* Data provided

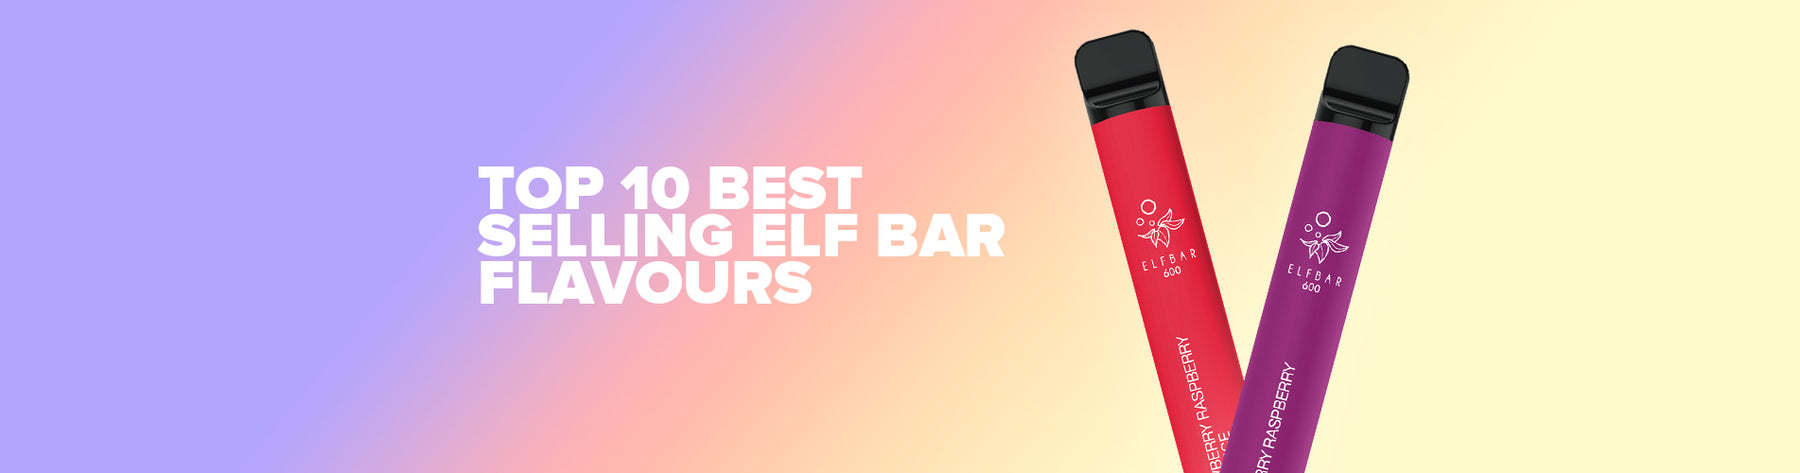 Top 10 Best Selling Elf Bar Flavours
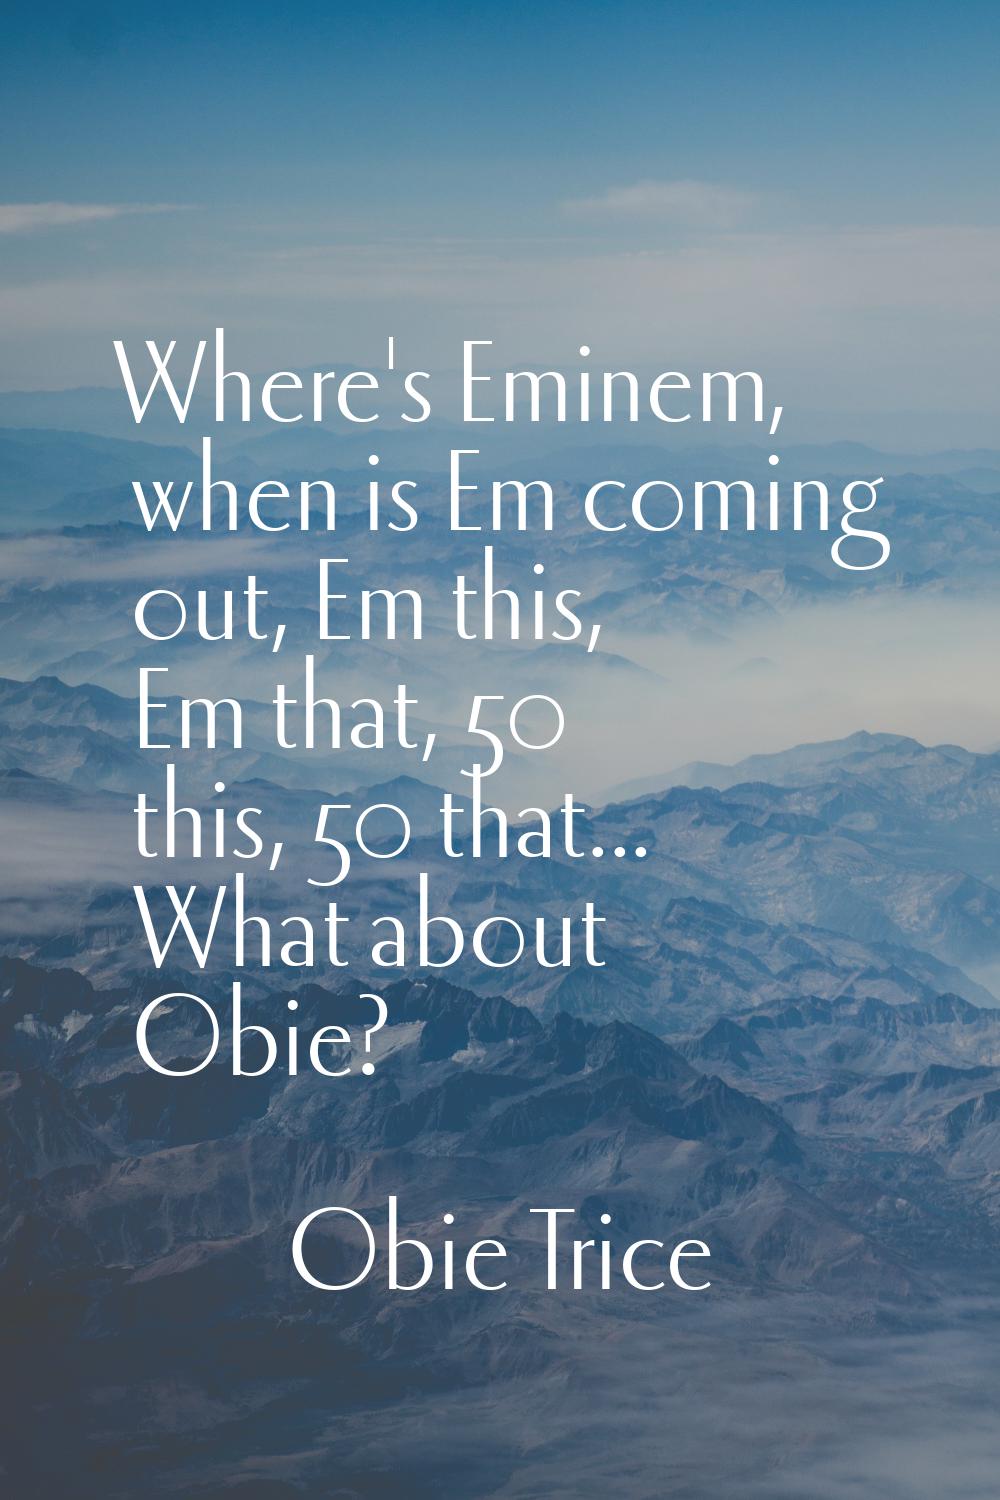 Where's Eminem, when is Em coming out, Em this, Em that, 50 this, 50 that... What about Obie?
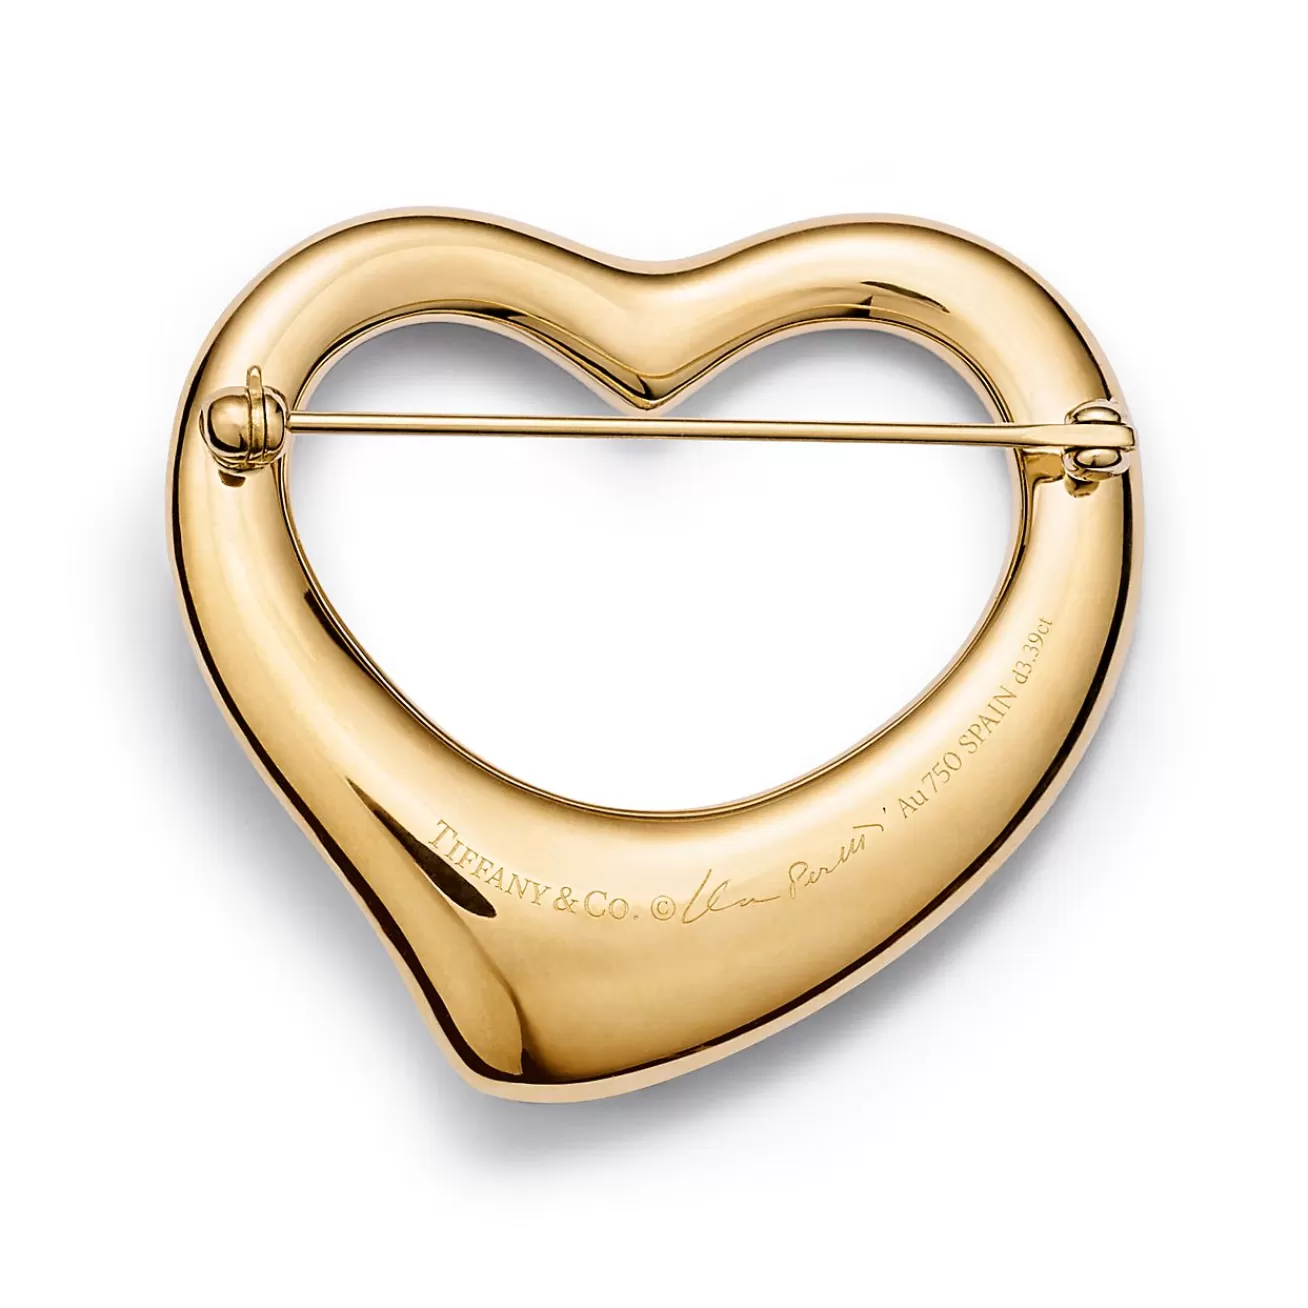 Tiffany & Co. Elsa Peretti® Open Heart Brooch in Yellow Gold with Pavé Diamonds | ^ Brooches | Gold Jewelry
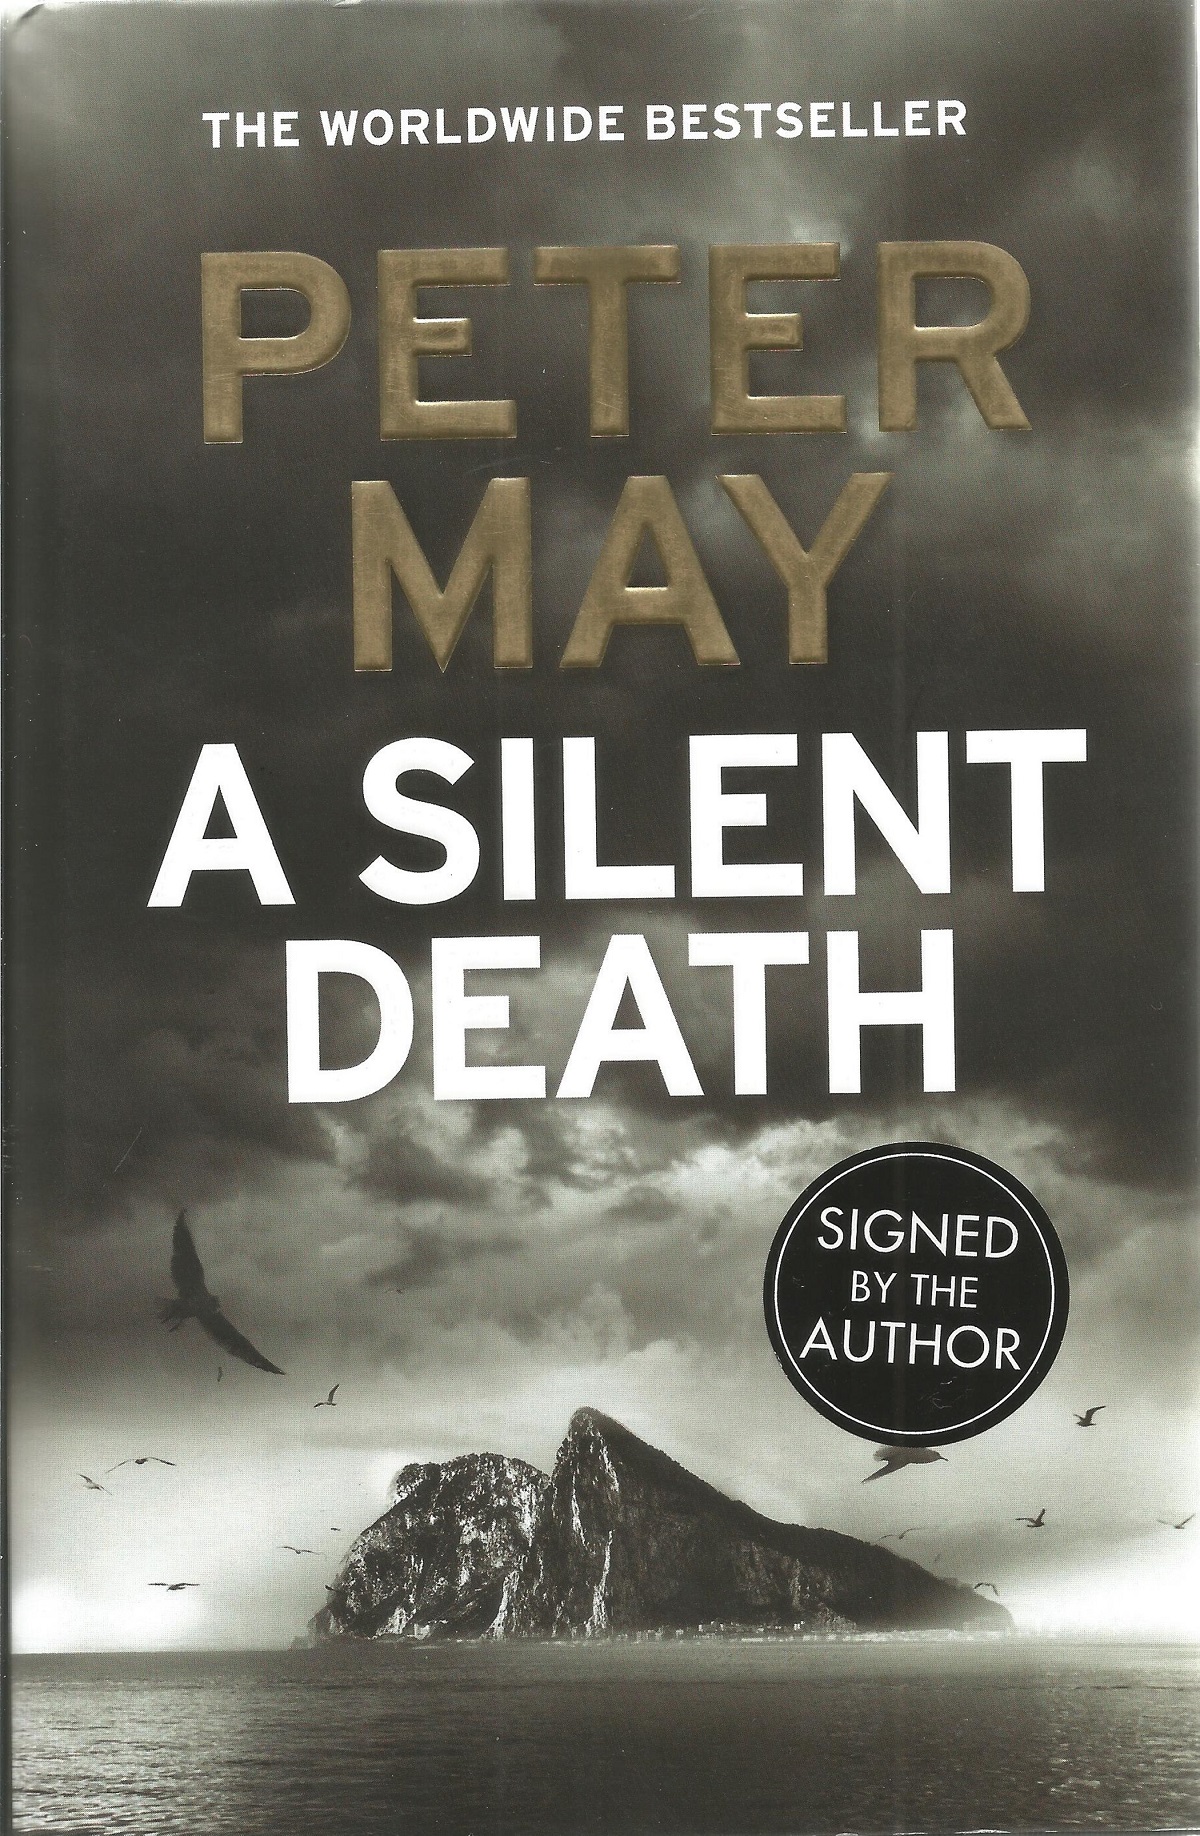 Peter May signed hardback book A Silent Death. Good condition. All autographs come with a
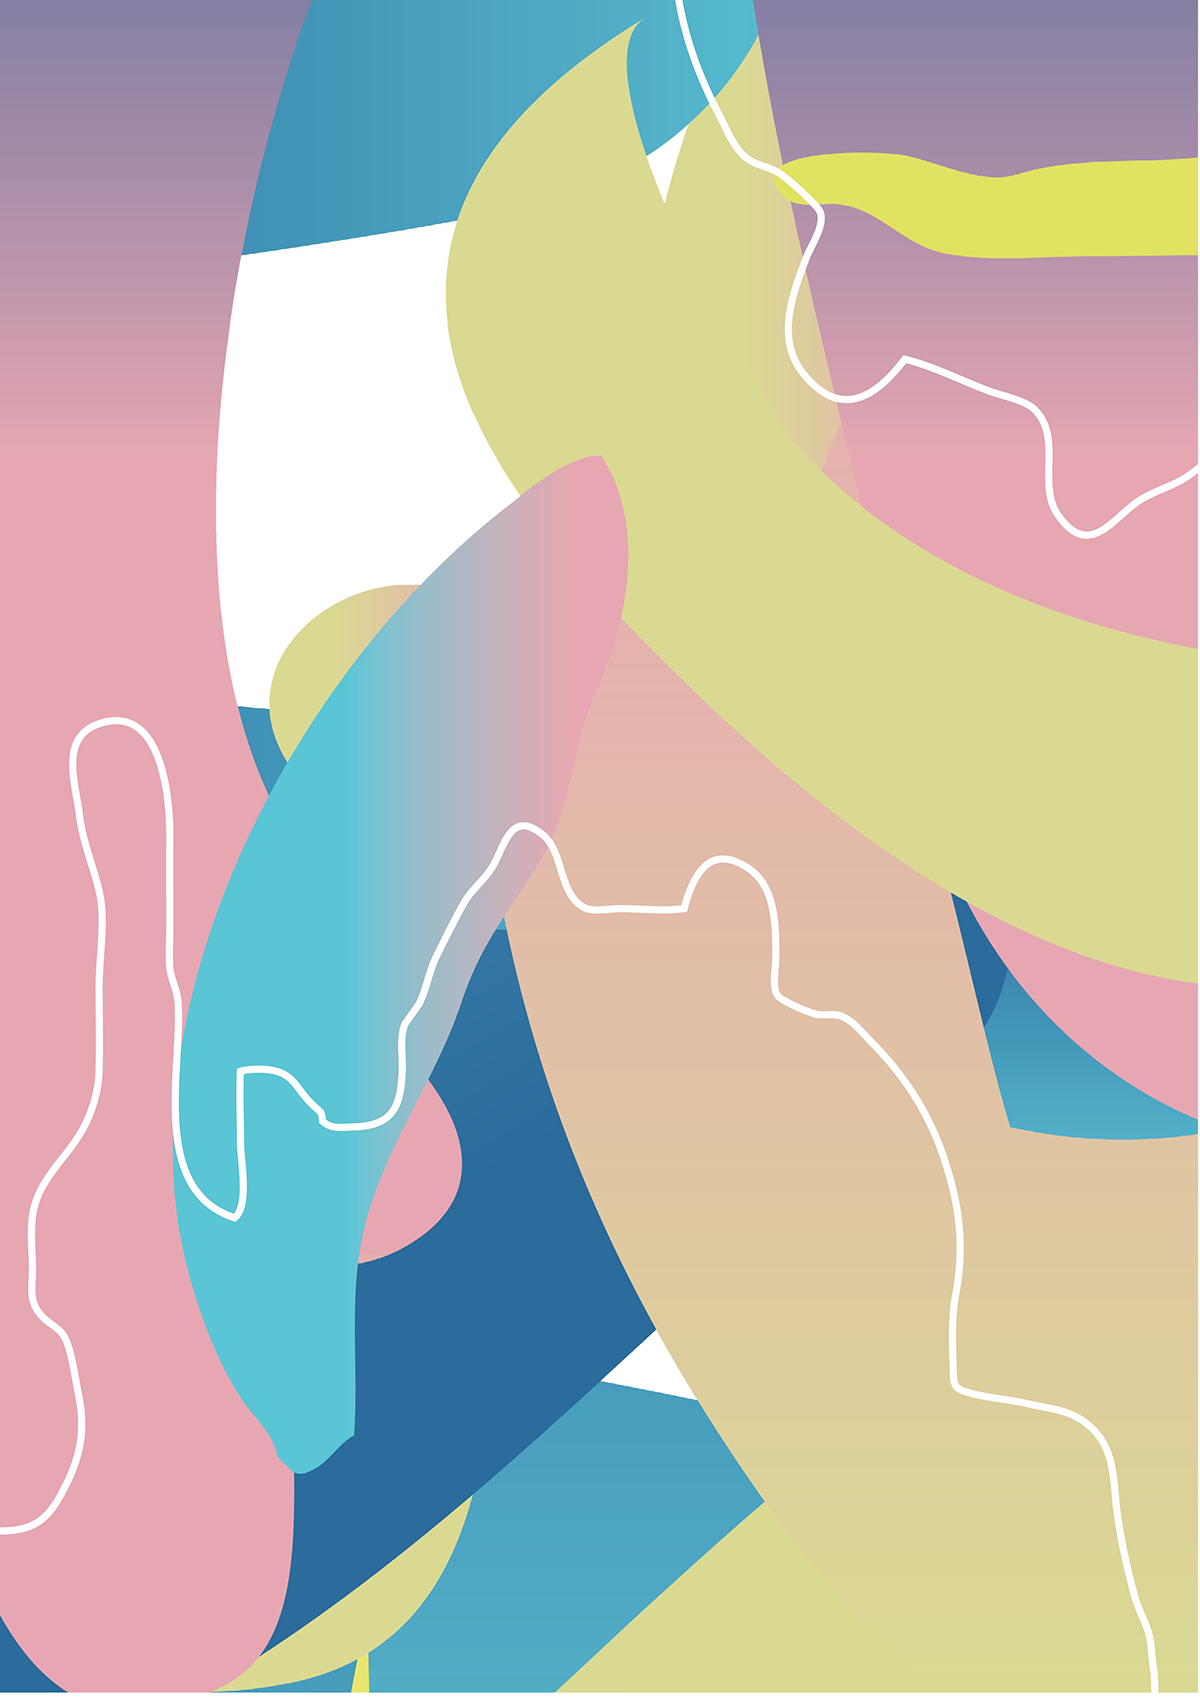 #madethis  #Colossal #adobe #forms   #colours #typography #illustration #Gradient   #graphicDesign

* To do
Transcribe the records in full and exactly. Pictures stay out.

* Answer to this problem
 Top 10 Best Selling Elf Bar Flavours
 Where's Eminem, when is Em coming out, Em this, Em that, 50 this, 50 that... What about Obie?
 Tiffany & Co. Elsa Peretti® Open Heart Brooch in Yellow Gold with Pavé Diamonds | ^ Brooches | Gold Jewelry
 Peter May signed hardback book A Silent Death. Good condition. All autographs come with a
 #madethis  #Colossal #adobe #forms   #colours #typography #illustration #Gradient   #graphicDesign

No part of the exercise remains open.